Девочка улыбнулась, но снова ничего не сказала. Вивьен показалось, что она застенчива до пугливости. Вивьен часто производила такое впечатление на детей. Они как будто чувствовали ее незаинтересованность. Их реакция только усиливала ее неестественность в общении с ними, и это усугубляло ситуацию. Вивьен привыкла располагать к себе людей, когда старалась.

Девочка замолчала, и Ласситер притянул ее к себе.

– Сегодня мы вместе, не так ли, passerotta? – Он оглянулся на Вивьен и перевел: – Мой маленький воробышек. – Под его уверенной внешностью она разглядела мальчишеское и, несомненно, подкупающее желание угодить.

– Тогда я, пожалуй, пойду. – Вивьен заметила, как по его красивому лицу пробежала тень разочарования. Тем не менее дочь явно обожала его, и ей показалось неправильным вторгаться в их совместное времяпрепровождение. – Рада познакомиться с тобой, Маргарита.

Несмотря на всю поспешность, Вивьен не могла знать, что эта встреча прошла в значительной степени по плану, как будто была написана, отрепетирована и поставлена самим Ласситером.

Глава 4

Гранд-отель «Флора»

Виа Венето, Рим

19:55, 13 ноября 1943 года

SCOLARETTA

Она делает глубокий вдох и спускает курок.

Золотые двери вращаются за спиной оберфюрера, как пустые патроны в барабане, – щелк, щелк, щелк. Стоя на тротуаре, он смотрит на часы, затем переводит взгляд через проспект прямо на нее. Словно услышал ее дыхание.
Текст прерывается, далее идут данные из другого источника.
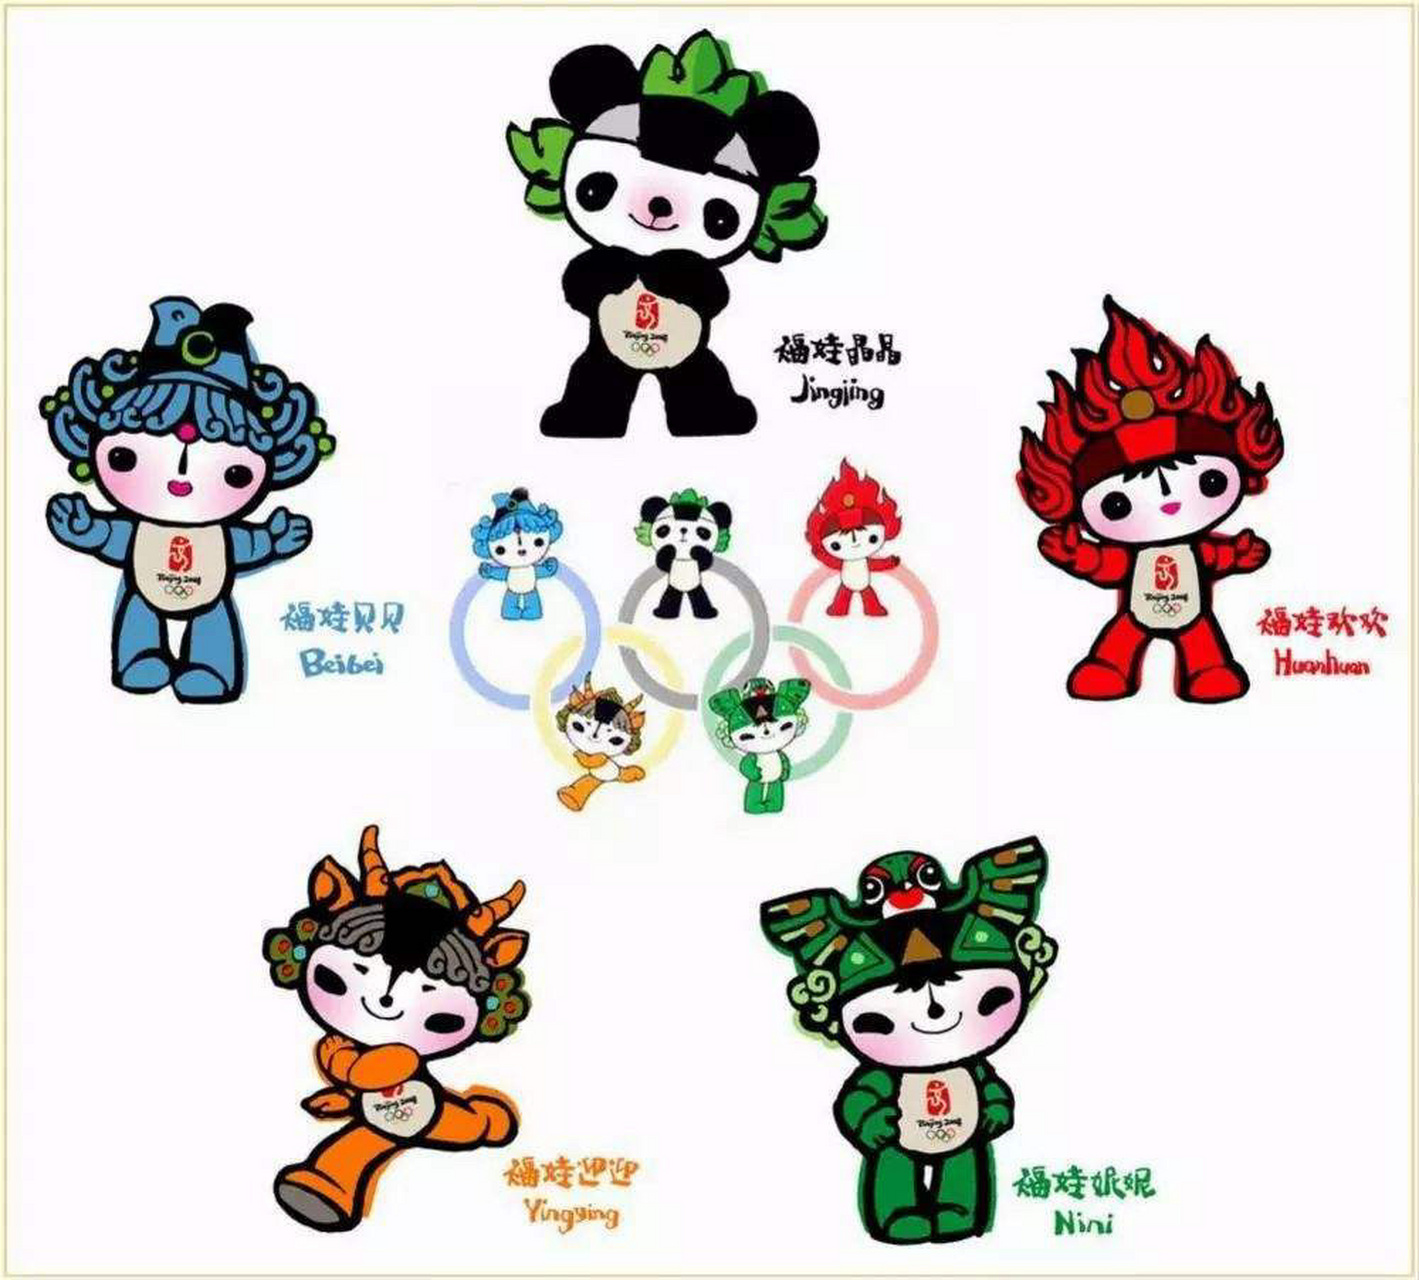 08年北京奥运会吉祥物图片
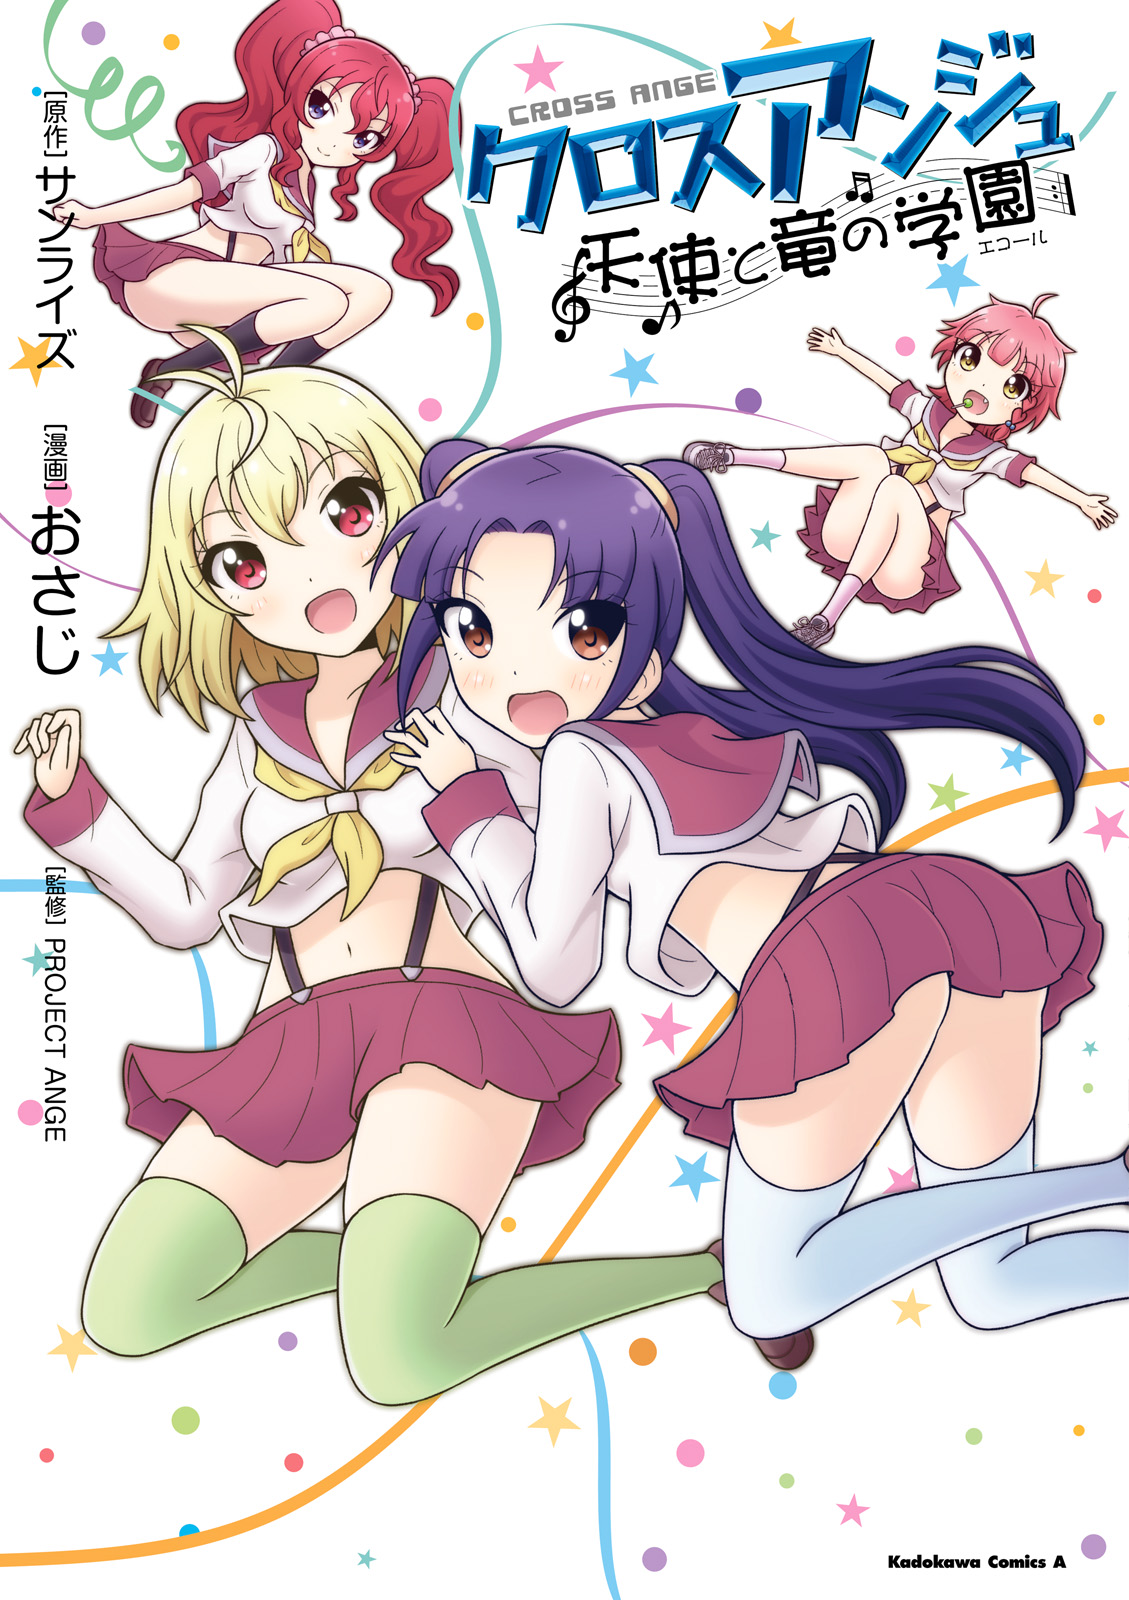 Cross Ange Manga Ends With 3rd Volume - News - Anime News Network

Они пристально глядят друг на друга. Он инстинктивно прижимает атташе-кейс к груди – ее мишени. Она думает, что он уже бывал в такой ситуации раньше, и поднимает руку, чтобы прицелиться в голову. Она должна пристрелить его быстро, одним выстрелом.

Он открывает рот, чтобы закричать, она закрывает один глаз, чтобы прицелиться. Нажав на спусковой крючок, она сразу отворачивает голову. Ей не нужно смотреть. Звука достаточно.

Она прячет все еще дымящуюся, все еще заряженную «беретту» в сумочку, затем проскальзывает в парк через Порта Пинчиана, древние ворота, которые охраняли Рим на протяжении четырнадцати столетий. Она слегка покачивает бедрами при ходьбе, тихо напевая, в точности так, как велел ей Нино, и начинает подниматься по склону. Ровно через две минуты она достигнет «Тополино».

На ходу она молится. Нино больше не молится, не желает слышать ни слова о Боге. Он бы посмеялся над ней, если бы узнал, а сестра Юстина в монастыре не похвалила бы ее: что ни говори, а это убийство. Но, как ни странно, она, та, кого стали называть школьницей-убийцей, так себя не чувствует. Сегодняшнее убийство соответствует правилам нового мира, в котором она вынуждена жить, такого же строгого и карающего, как монастырь. Она пестует свою собственную веру, как ее понимает. Веру в свои действия и действия своих товарищей по Сопротивлению – веру в необходимость того, что она делает. И все же она оставляет место для Бога и молится о его помощи и наставлениях.

Все эти мысли сопровождают ее быстрый, но уверенный шаг в гору, такой ритмичный, что она почти забывает обо всем.

– Фройляйн.

Она замирает на секунду, стараясь не сутулиться, стараясь не оглядываться слишком быстро.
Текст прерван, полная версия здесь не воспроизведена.